Stundenlange Gespräche, wachsender Druck – aber keine greifbaren Ergebnisse. Wie es mit dem Klimaschutz weitergehen soll, bleibt in der Groko umstritten.

Mit dem Dienstwagen unterwegs in Richtung Klimaschutz: Olaf Scholz (SPD) Foto: dpa

Berlin dpa | Die Spitzen der schwarz-roten Koalition wollen bis unmittelbar vor der entscheidenden Sitzung des Klimakabinetts an ihrem Konzept für den Kampf gegen die Erderhitzung feilen. Sie vereinbarten in der Nacht zum Samstag nach mehr als fünfstündigen Beratungen, sich am kommenden Donnerstag erneut zu treffen, um letzte Hürden für einen gemeinsamen Beschluss aus dem Weg zu räumen.

Am Freitag, den 20. September, will die Bundesregierung Beschlüsse fassen, wie Deutschland die Klimaziele einhalten kann. Es geht unter anderem um milliardenschwere Förderprogramme und einen Umbau des Steuer- und Abgabensystems.

Aus Koalitionskreisen erfuhr die Deutsche Presse-Agentur, die Verhandlungen am Freitagabend seien konstruktiv gewesen.
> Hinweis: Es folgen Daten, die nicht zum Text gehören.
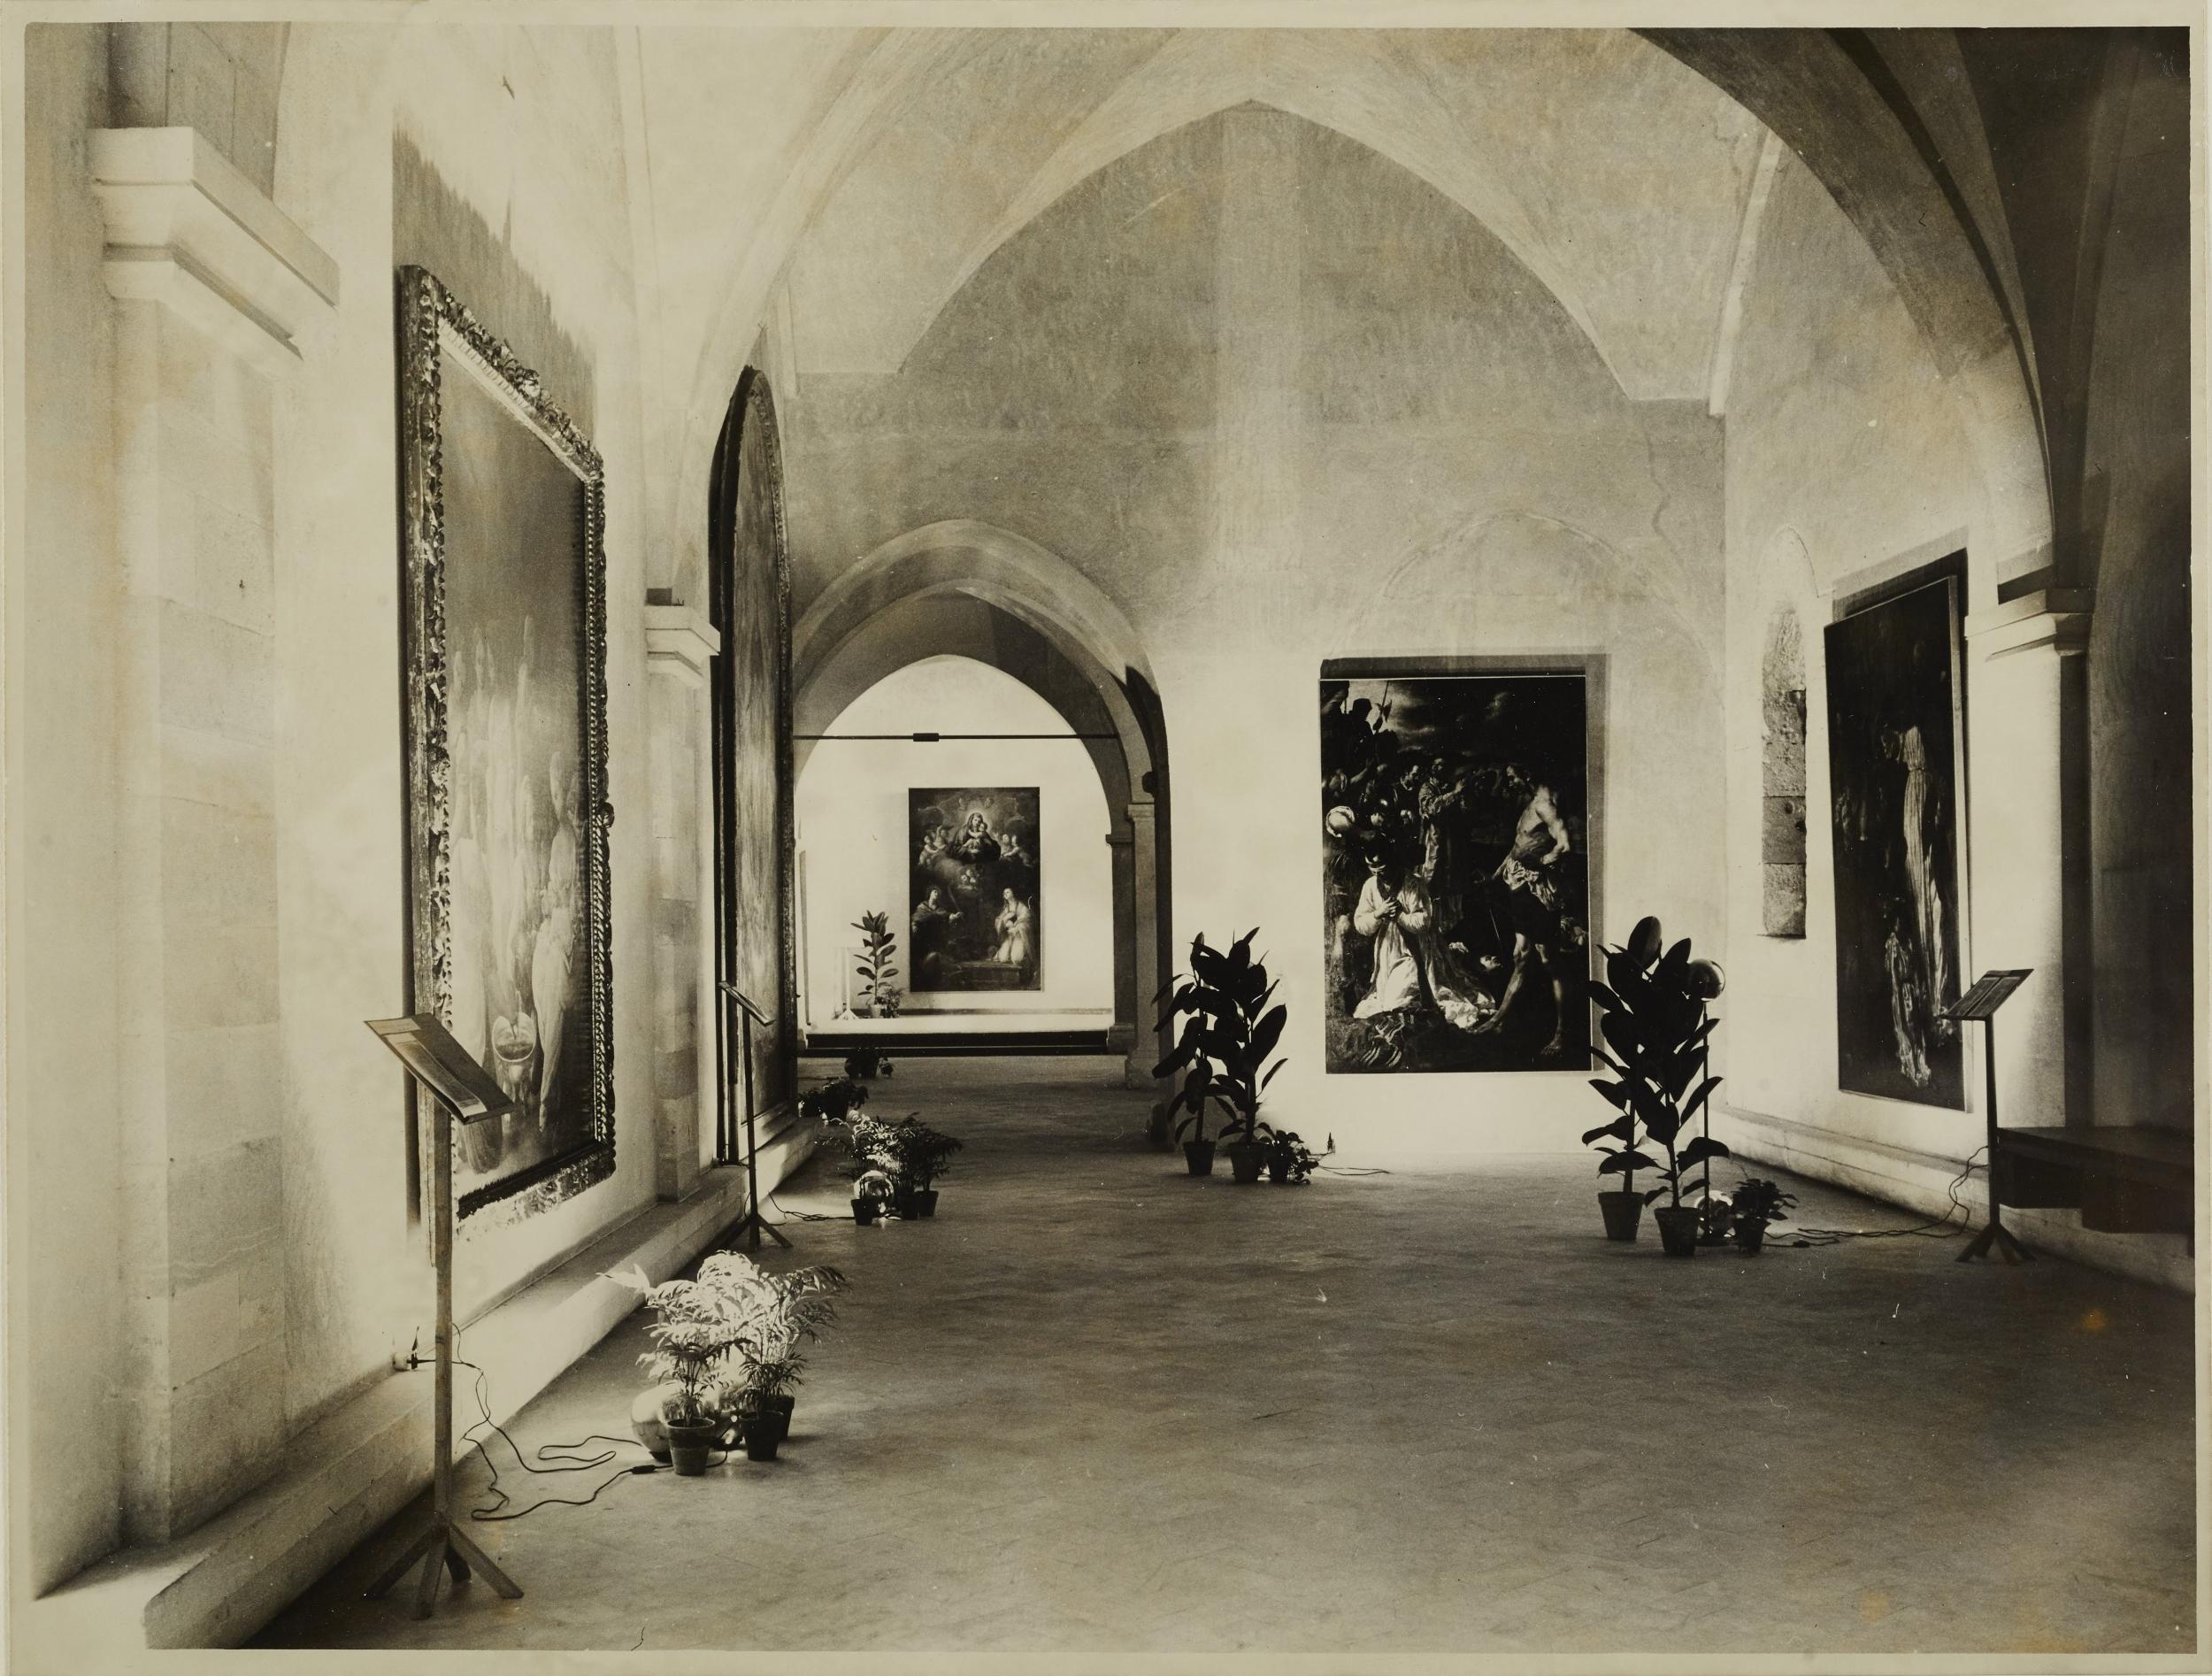 Fotografo non identificato, Bari - Castello Svevo, allestimento della mostra per la XI settimana dei musei, 1968, gelatina ai sali d'argento/carta, MPI136573

Es seien aber auch noch viele Details zu klären und zu berechnen. Die CDU hat noch kein offiziell beschlossenes Konzept beim Klimaschutz, die Parteispitze will es am Montag verabschieden.

SPD-Generalsekretär Lars Klingbeil hob die Chancen der Verhandlungen hervor: Zum ersten Mal überhaupt könne eine gesetzliche Grundlage dafür geschaffen werden, um die die Klimaziele 2030 zu erreichen. „Ich will, dass uns mit dem Klimaschutzgesetz der große Wurf gelingt und wir uns nicht im Klein-Klein und in Einzelmaßnahmen verlieren“, sagte er der Deutschen Presse-Agentur. Die SPD werde darauf achten, dass das Ergebnis sozial verträglich sei.

Greenpeace-Geschäftsführer Martin Kaiser pochte auf klare Vorgaben der Politik: „Schnell raus aus Kohle, Öl und Gas“, sagte er der dpa. Dass es noch keine Einigung gebe, müsse kein schlechtes Zeichen sein. „Die Anreizprogramme vor allem der Union sind unsagbar teuer und beruhen bei der Wirkung auf dem Prinzip Hoffnung“, sagte er. Es brauche ein starkes Klimaschutzgesetz, das den verschiedenen Bereichen der Wirtschaft Verantwortung zuweise.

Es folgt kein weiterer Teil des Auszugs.